CrabGraph supports the full Gremlin traversal language via standard Apache TinkerPop drivers. If you've used Gremlin before, everything works identically — CrabGraph just maps it to your SQL-defined schema.

Gremlin
// Movies an actor appeared in
g.V().has("person", "name", "Tom Hanks")
  .out("acted_in")
  .values("title")
  .toList()

// Co-stars via the derived view
g.V().has("person", "name", "Tom Hanks")
  .out("co_star")
  .values("name")
  .dedup()
  .toList()

// Shortest path between two people
g.V().has("person", "name", "Alice")
  .repeat(.bothE().otherV().simplePath())
  .until(.has("name", "Bob"))
  .path()
  .limit(1)
  .next()

New to Gremlin? See the Gremlin Primer for the most useful steps, or the TinkerPop reference for the full spec.

Core Concepts

Embedded Server

When you call CrabGraph.start(), a Gremlin-compatible WebSocket server boots inside your process on 127.0.0.1:8182. Nothing to install separately — the server and storage engine are bundled in the dependency.

Lifecycle

Java
// Minimal start — schema.sql loaded from classpath root
var crab = CrabGraph.start();

// Builder — full options
var crab = CrabGraph.builder()
  .port(9182)
  .dataDir(Path.of("/var/myapp/graph"))
  .schemaResource("db/schema.sql")
  .start();

// Graceful shutdown
crab.close();

Storage modes

ModeHow to enableUse for
In-memoryDefault (no dataDir)Tests, development — clean slate every start
PersistentSet dataDirProduction — WAL-backed, survives restarts

Testing tip. Omit dataDir in tests — in-memory mode gives each test a clean graph with no teardown required.

Core Concepts

Schema Reference

CrabGraph interprets your DDL according to a small set of conventions. No annotations, no special comments — just column names and foreign key relationships.

Type mapping

SQL typeGremlin property typeNotes
UUIDStringAuto-generated when column has DEFAULT gen_random_uuid()
VARCHAR, TEXTString
INT, BIGINT, SMALLINTLong
FLOAT, DOUBLE, NUMERICDouble
BOOLEANBoolean
TIMESTAMP, DATEDate (ISO-8601 string in Gremlin)
JSONBMap<String, Object>Traversable as nested properties

Edge detection rules

CrabGraph marks a table as an edge type when all three conditions hold:

  • The table has a column named from_id with a foreign key to another table's primary key.
  • The table has a column named to_id with a foreign key (to the same or different table).
  • The from_id and to_id columns reference UUID PRIMARY KEY columns.

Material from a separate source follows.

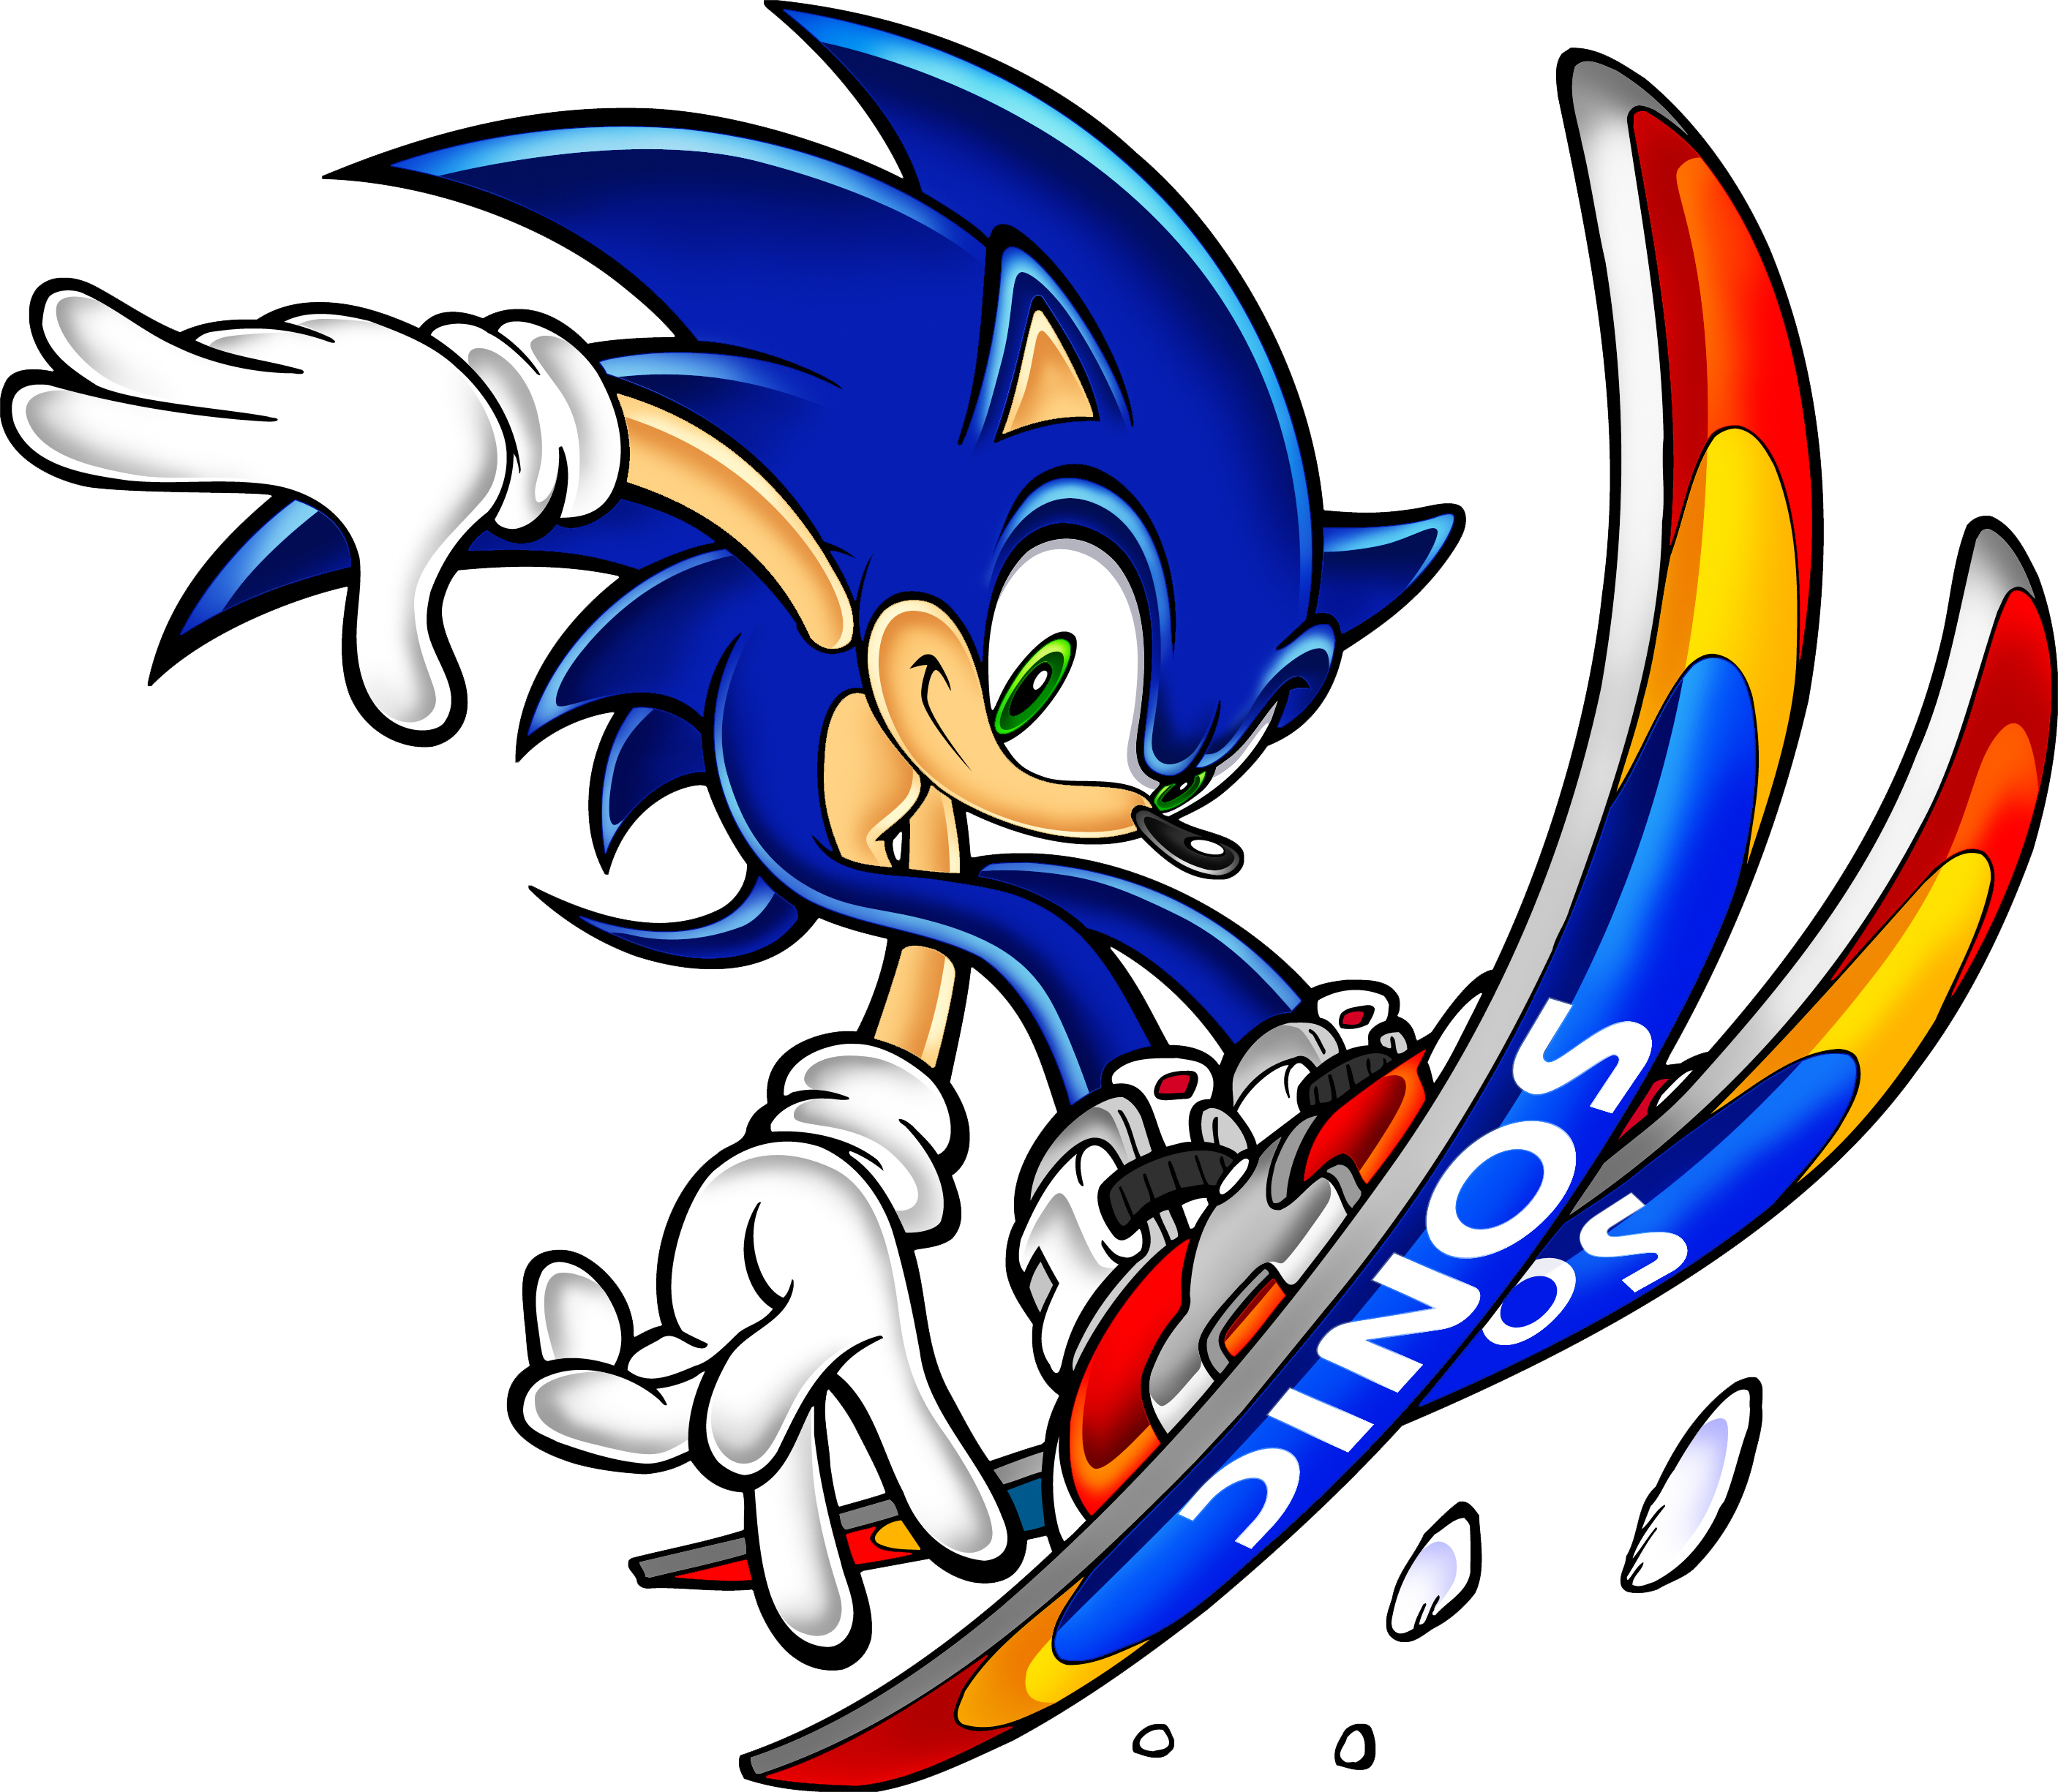  Gambar  Kartun  Sonic Graffiti  Sobgrafiti

All other columns on an edge table are treated as edge properties and accessible via .values() and .valueMap() in traversals.

Indices

Standard SQL indices are respected by CrabGraph's query planner. Add a CREATE INDEX on any property column you filter on frequently:

schema.sql
CREATE INDEX idx_person_name ON person(name);
CREATE INDEX idx_person_age  ON person(age);
Core Concepts

Gremlin Primer

Gremlin is a functional, data-flow traversal language. A traversal starts at a set of elements and threads through a pipeline of steps. Each step transforms the current traversers.

Starting a traversal

Gremlin
g.V()                          // all vertices
g.V("some-uuid")              // vertex by ID
g.E()                          // all edges
g.V().hasLabel("person")      // vertices of a specific type
g.V().has("person", "name", "Alice")  // filter by property

Step reference

.out(label?)
Move to outgoing adjacent vertices. Label narrows to a specific edge type.
.in(label?)
Move to incoming adjacent vertices.
.both(label?)
Move to adjacent vertices in either direction.
.outE() / .inE()
Move to incident edges instead of vertices.
.has(key, val)
Filter traversers where the property matches. Supports P.* predicates.
.hasNot(key)
Filter traversers where the property is absent.
.values(key…)
Extract property values as the new traverser stream.
.valueMap(key…)
Extract properties as a Map. Good for final projection.
.project(k, …)
Build a named result map from sub-traversals. Preferred over valueMap for complex projections.
.select(k, …)
Retrieve labelled steps previously tagged with .as().
.repeat(t).until(c)
Loop traversal t until condition c is met. Use .times(n) for fixed depth.
.path()
Emit the full traversal history (vertices and edges) as a Path object.
.group().by()
Aggregate traversers into a Map grouped by a key.
.order().by()
Sort traversers by a property. Order.desc for descending.
.limit(n)
Take the first n traversers. Always prefer to toList() unbounded.
.dedup()
Remove duplicate traversers from the stream.

Predicate reference (P)

PredicateMeaning
P.eq(x)Equal to x
P.neq(x)Not equal
P.gt(x) / P.lt(x)Greater / less than
P.gte(x) / P.lte(x)Greater or equal / less or equal
P.between(lo, hi)lo ≤ value < hi
P.within(x, y, …)Value is one of the listed options
P.without(x, y, …)Value is none of the listed options
TextP.containing(s)String contains s
TextP.startingWith(s)String starts with s
Core Concepts

Traversal Patterns

Common graph query patterns expressed in Gremlin, using the movie graph schema from the Quick Start.

Neighbourhood queries

Gremlin
// Direct neighbours
g.V().has("person", "name", "Alice").out("knows").values("name")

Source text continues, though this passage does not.